I will update you tomorrow, but I had a rather strange conversation with someone at my LHBS. He kept getting sidetracked off of my nominal problem of mismatched carboys onto winemaking. But get this -- he _insisted_ that you would never want to put a 6-gallon wine kit into a 6-gallon carboy. Rather, he averred, you need to leave more headroom than that would afford. 

Now, I am a newbie kit-winemaker, and he is the LHBS expert, who says that that is what they teach in their winemaking classes. However, this flies in the face of soooo much that I have read that I politely held my ground. When I see him tomorrow, perhaps I will ask why the kit instructions AND the instructions that his company gives out both say to use 6-gallon carboys and to top off to minimize headspace to avoid oxygen contact. Sheesh.

On the plus side, he seemed genuinely concerned that they may have gotten carboys from suppliers that differed just too much.


----------



## iVivid (Oct 25, 2013)

Yup, my ribbed one holds about half a gallon more than my smooth sided ones! I rack to it when I'm ready to vacuum degas :-D


----------



## vacuumpumpman (Oct 25, 2013)

tonyt said:


> You really have got to measure every carboy with gallon measures. They are all a bit different. Your experience is expected. I have measured and marked my 7 carboys and 2 barrelsand labeled the actual volumes. Actually makes racking down in size easy.



This is what I do exactly - it works very well but of course the carboy you really need is not available - LOL


----------



## pjd (Oct 26, 2013)

I find that my carboys made in Italy are larger than the few Chinese ones I bought on Amazon.


----------



## sour_grapes (Oct 27, 2013)

Okay, thanks for all the info. It makes sense.

I took the Chinese carboy back to my LHBS, and we took it to their brew room and measured the volume. It was about 24 liters to get into the neck. Then we took that same water and racked it into an Italian one. From there, it took a further 1.5 liters to get into the neck.

They did not have any Italian ones left to swap for my Chinese, so they offered to allow me to return the Chinese one. I had mixed feelings about this, because, at tonyt taught me, it may be convenient to have a smaller one to rack down to. However, I decided to go ahead and return it. (After all, I can always go back to them and buy a new one!)

I then bought a new Italian one on ebay . Time will tell if I come to regret this momentous decision 

Only remaining problem is that I am itching to start a new kit!

Thanks, all.


----------



## sour_grapes (Oct 27, 2013)

Arrgghh! As I said, I ordered an Italian carboy from ebay. I forgot this: Our own Doug sells Italian carboys.

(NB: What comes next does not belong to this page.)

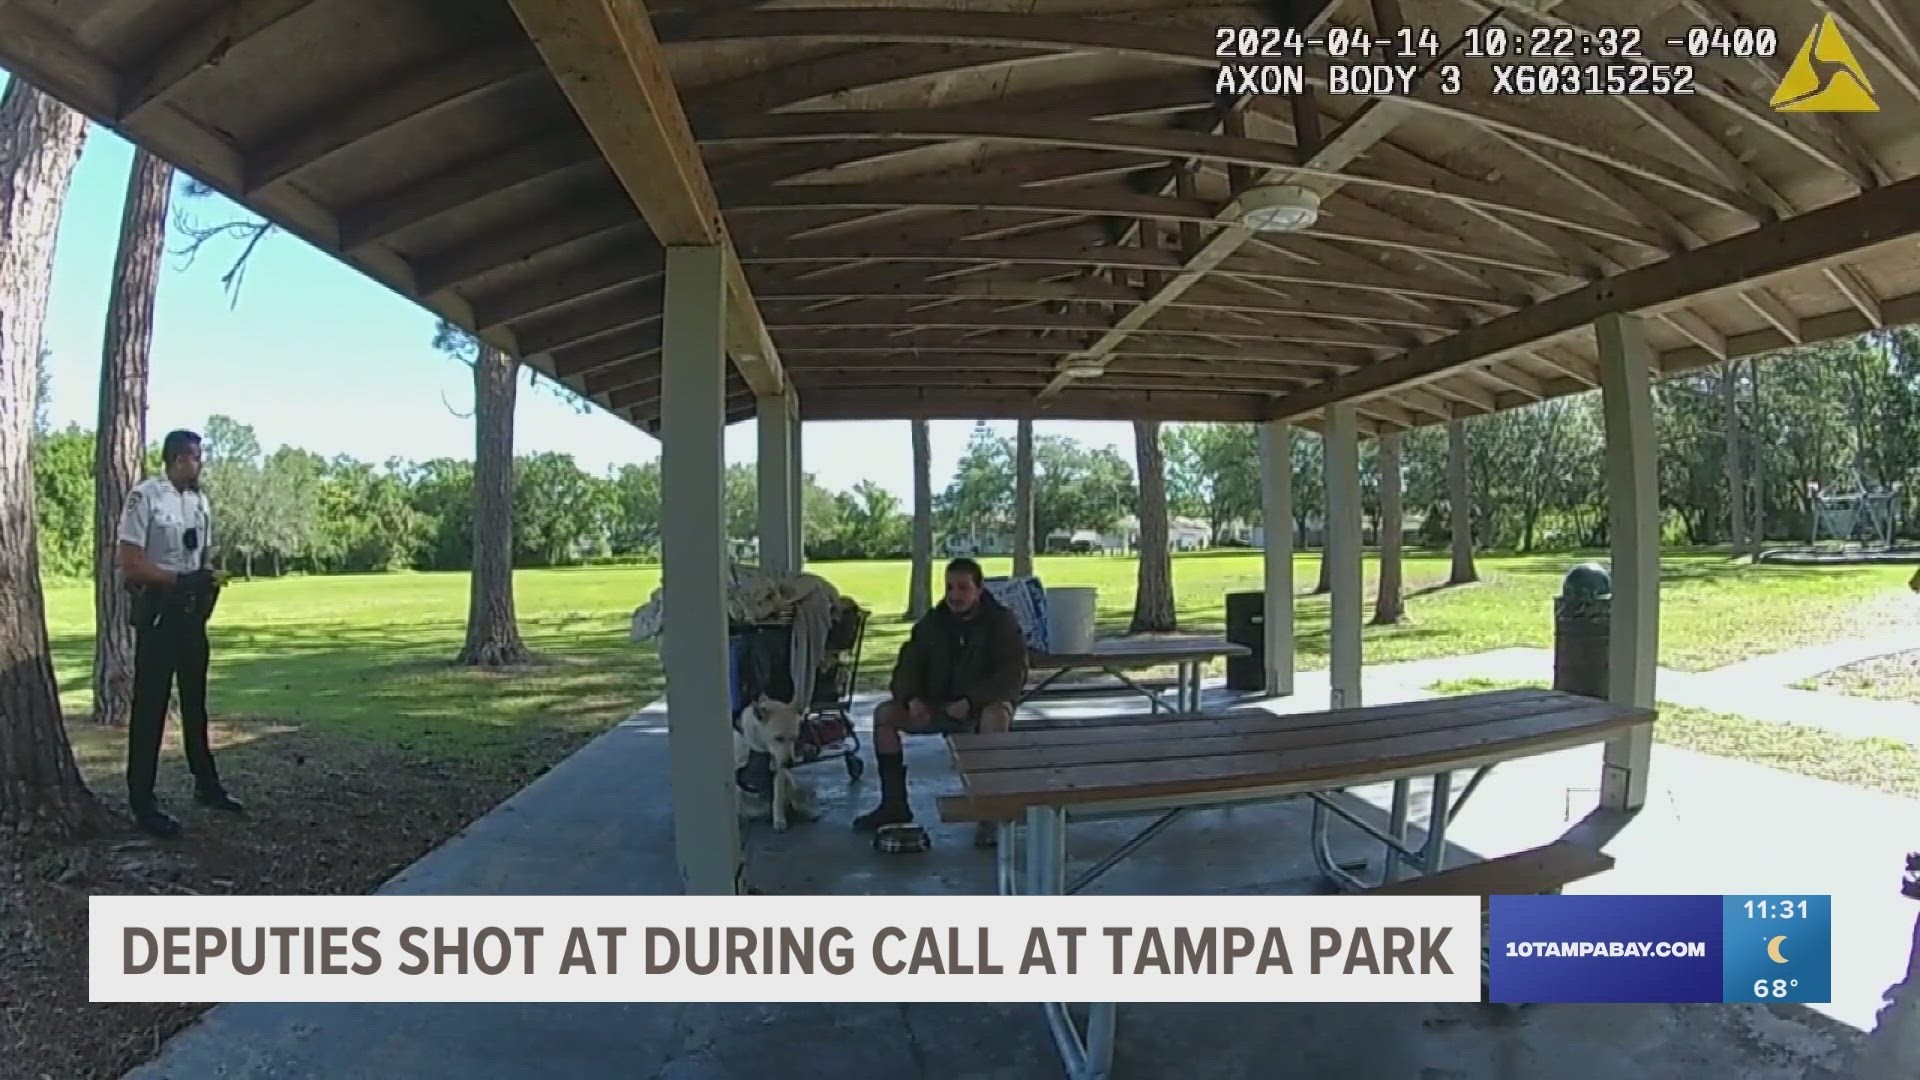 Hillsborough County deputies were trying to get the man to leave the park. They tased him and he fired a gun after hitting the ground.

Brew and Wine Supply said:


> We only carry the Italian carboys.



I am bummed that I forgot. Sorry, Doug.


----------



## bkisel (Oct 27, 2013)

What you showed on Ebay looks identical to the three Italian carboys I have that came in a box marked as 23 Liters. They are however at least 6.5 gallons and perhaps even a bit more - I've never measured their actually capcity. I've found that my 2 BBs are much closer to a true 6 gallons and as a result require less topping off which I see as plus for the BB over the glass Italian carboys.


----------



## jamesngalveston (Oct 27, 2013)

i have 6 of the italian ones, and they are 6.5, and as bkisel, said my 6 gallon better bottles are 6 gallons...I use the 6.5 as secondary, and then rack to my bb, and clear it up there.


----------



## sour_grapes (Oct 27, 2013)

Yeah, as I said above, the Italian one I had my mitts on measured out to about 25.5 liters (6.7 gallons). 

Should I be concerned that when I make my 6-gallon kit to fill that carboy, that my wine will be a bit thin?


----------



## tonyt (Oct 28, 2013)

sour_grapes said:


> Yeah, as I said above, the Italian one I had my mitts on measured out to about 25.5 liters (6.7 gallons).
> 
> Should I be concerned that when I make my 6-gallon kit to fill that carboy, that my wine will be a bit thin?

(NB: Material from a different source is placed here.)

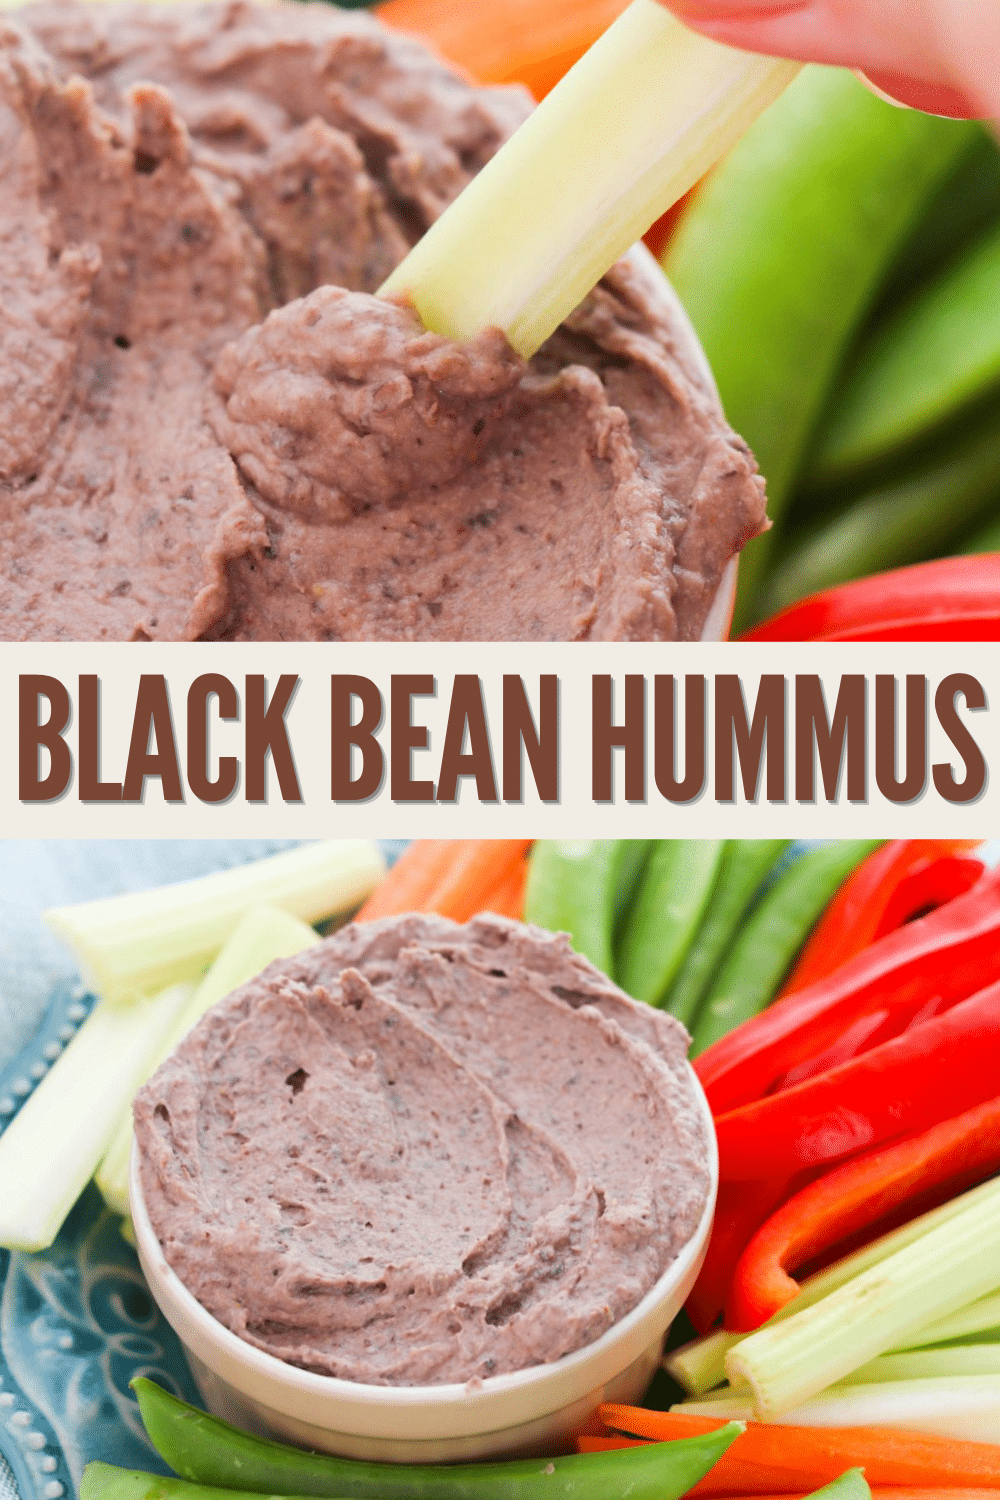 Black Bean Hummus is a fast and easy recipe with just 7 easy ingredients. Wait till you taste the flavor! So simple and delicious! #blackbeanhummus #blackbean #hummus #appetizer #recipe via @wondermomwannab

No, you always ferment six gallons. Then in secondary or clearing top up to the neck with like wine. You can then top with wine you previously bottled or similar commercial wine you like and hope to imulate.


----------



## bkisel (Oct 28, 2013)

sour_grapes said:


> Yeah, as I said above, the Italian one I had my mitts on measured out to about 25.5 liters (6.7 gallons).
> 
> Should I be concerned that when I make my 6-gallon kit to fill that carboy, that my wine will be a bit thin?



Speaking with RJS CS awhile back it was said in response to their instructions about topping off with water that about 750ML should be the limit. If 750ML or less doesn't do the trick then use like wine or marbles.

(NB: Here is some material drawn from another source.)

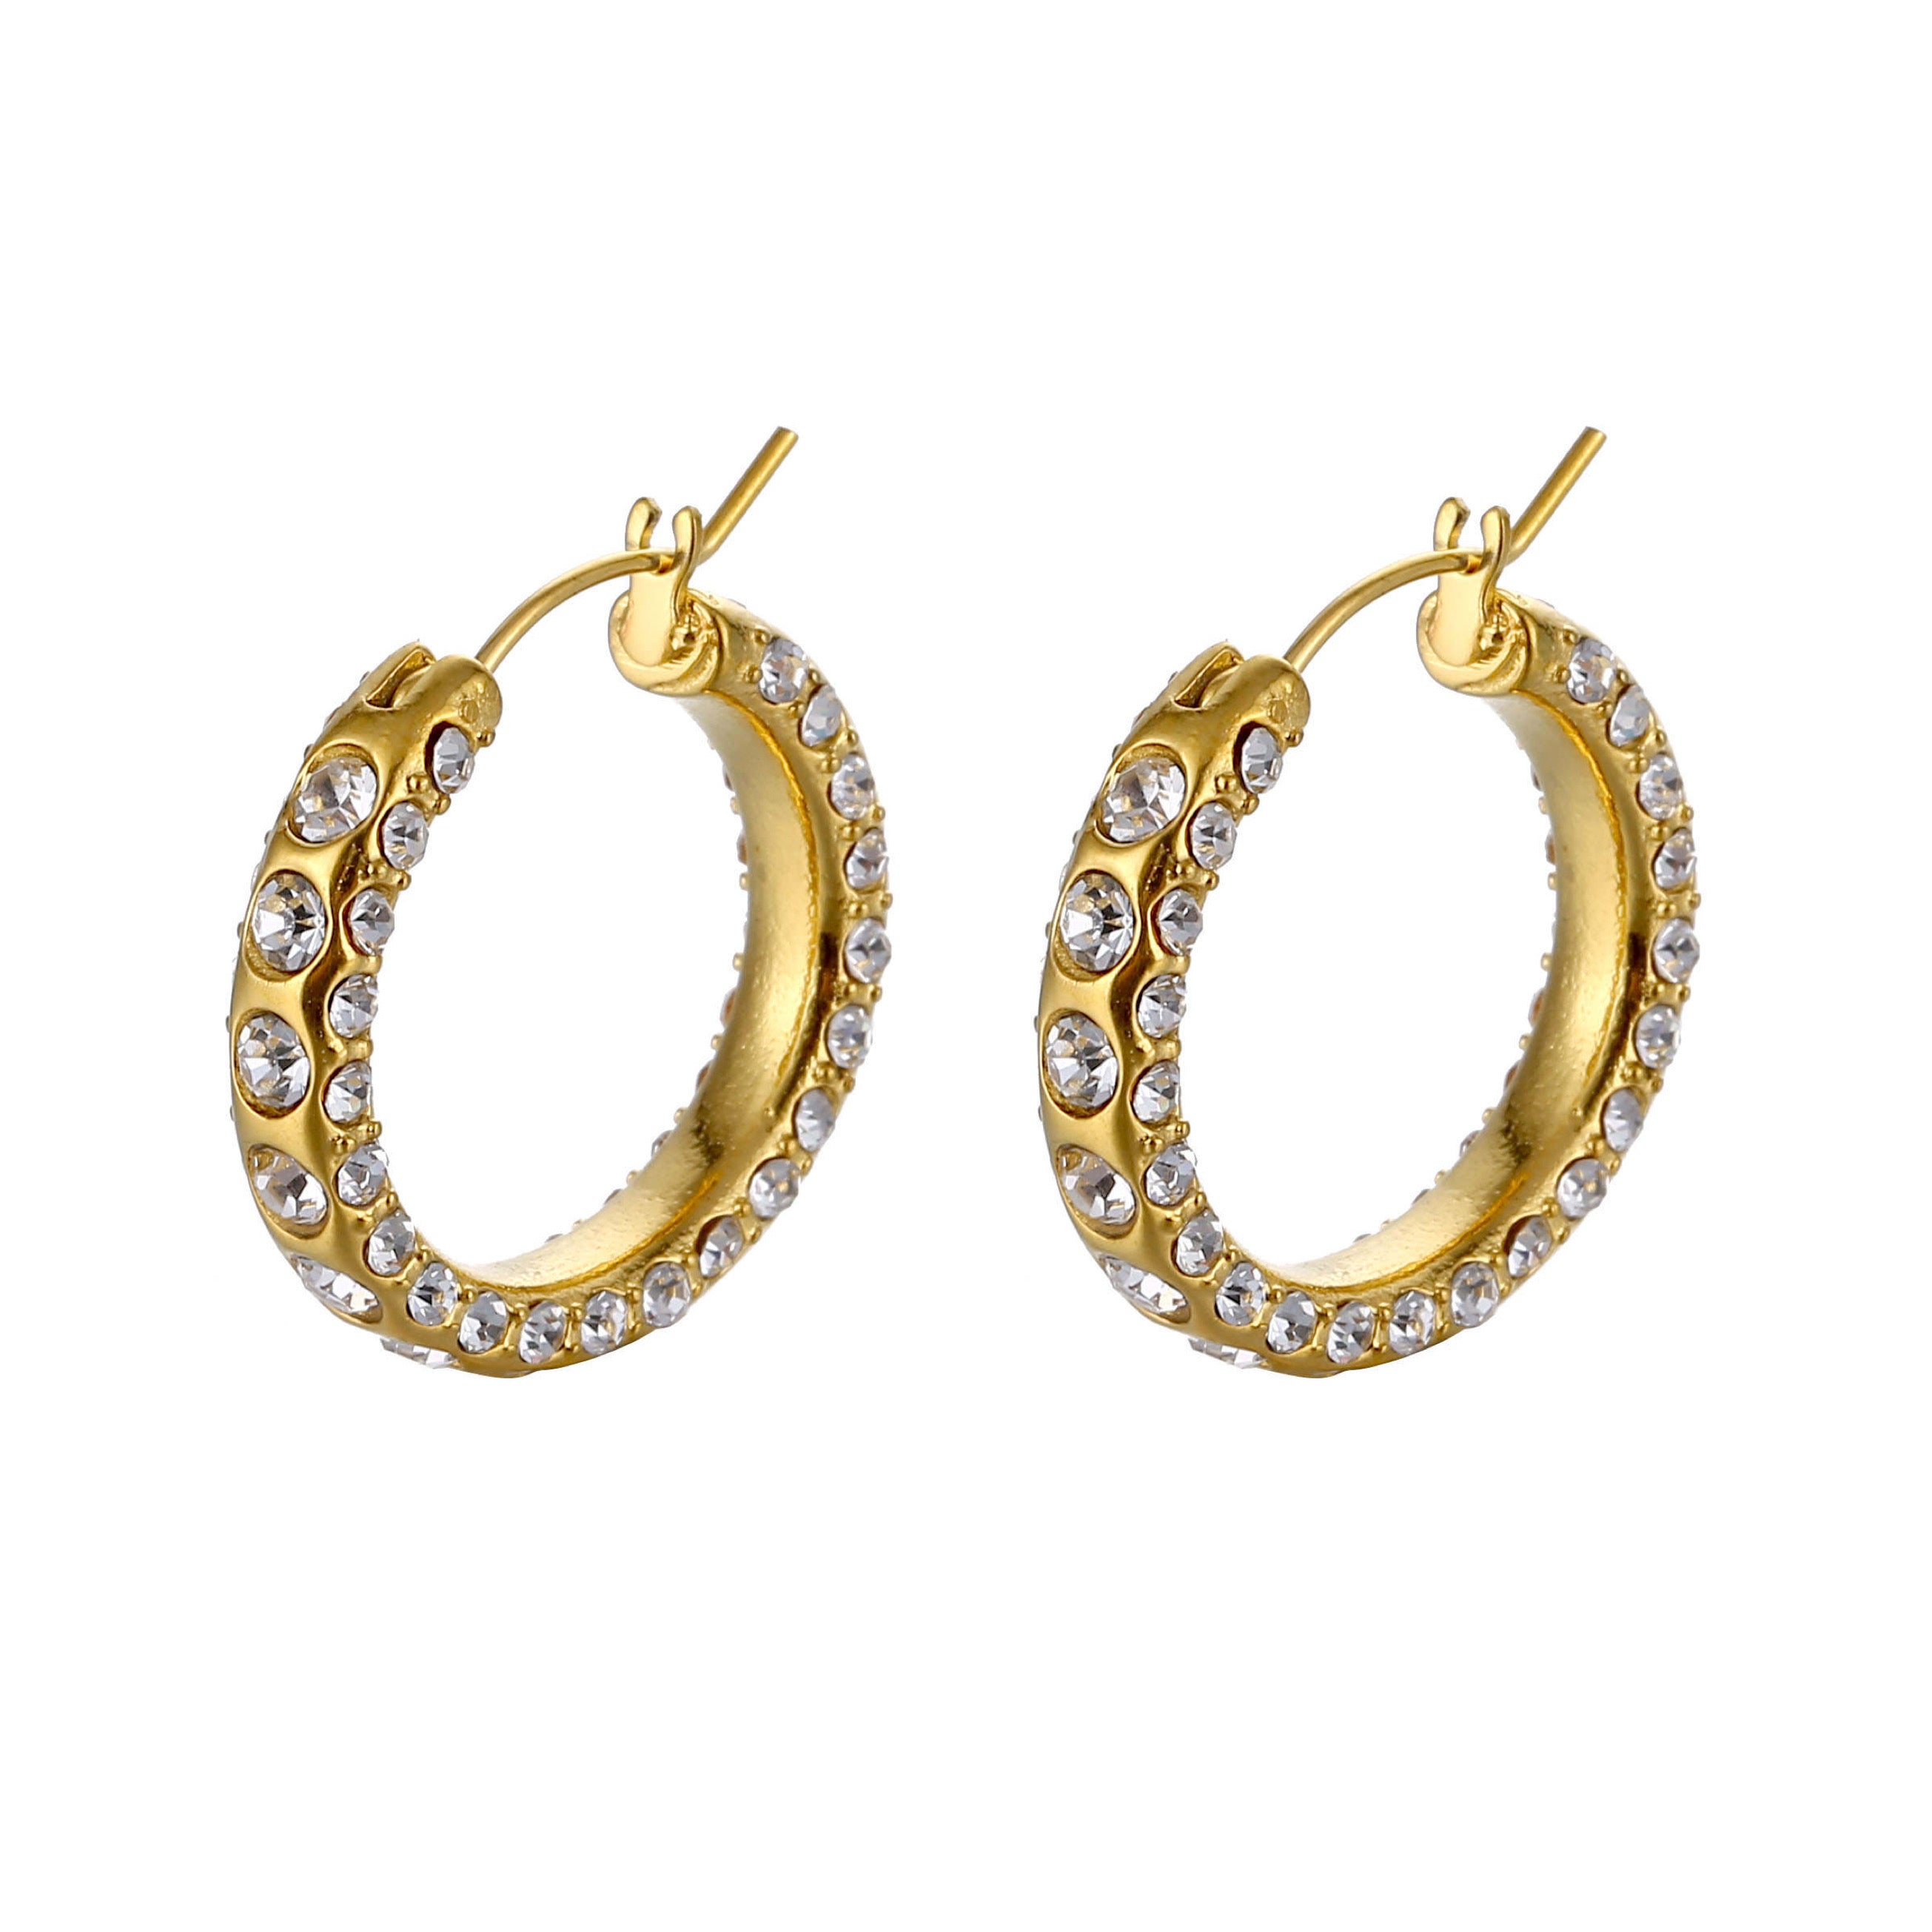 Hailey Hoops: Stylish Gold Earrings for Effortless Glam – pamu.store

I use a lot of like wine and marbles when using my glass carboys after "secondary". Not so with BB which is a reason why the BB is beginning to grow on me.


----------



## sour_grapes (Jan 6, 2014)

sour_grapes said:


> Arrgghh! As I said, I ordered an Italian carboy from ebay. I forgot this: Our own Doug sells Italian carboys.
> 
> 
> 
> I am bummed that I forgot. Sorry, Doug.



Doug just "liked" the post above, which led me to revisit this post. I am pleased to report that I got my _next_ carboy from him (along with a kit and a few other supplies), and the experience was top-notch.


----------



## Pumpkinman (Jan 6, 2014)

You will find that if you come across a Mexican carboy, it'll hold less than the Italian one as well. I wouldn't keep the Chinese carboy, they tend to break easily.


----------



## richmke (Jan 6, 2014)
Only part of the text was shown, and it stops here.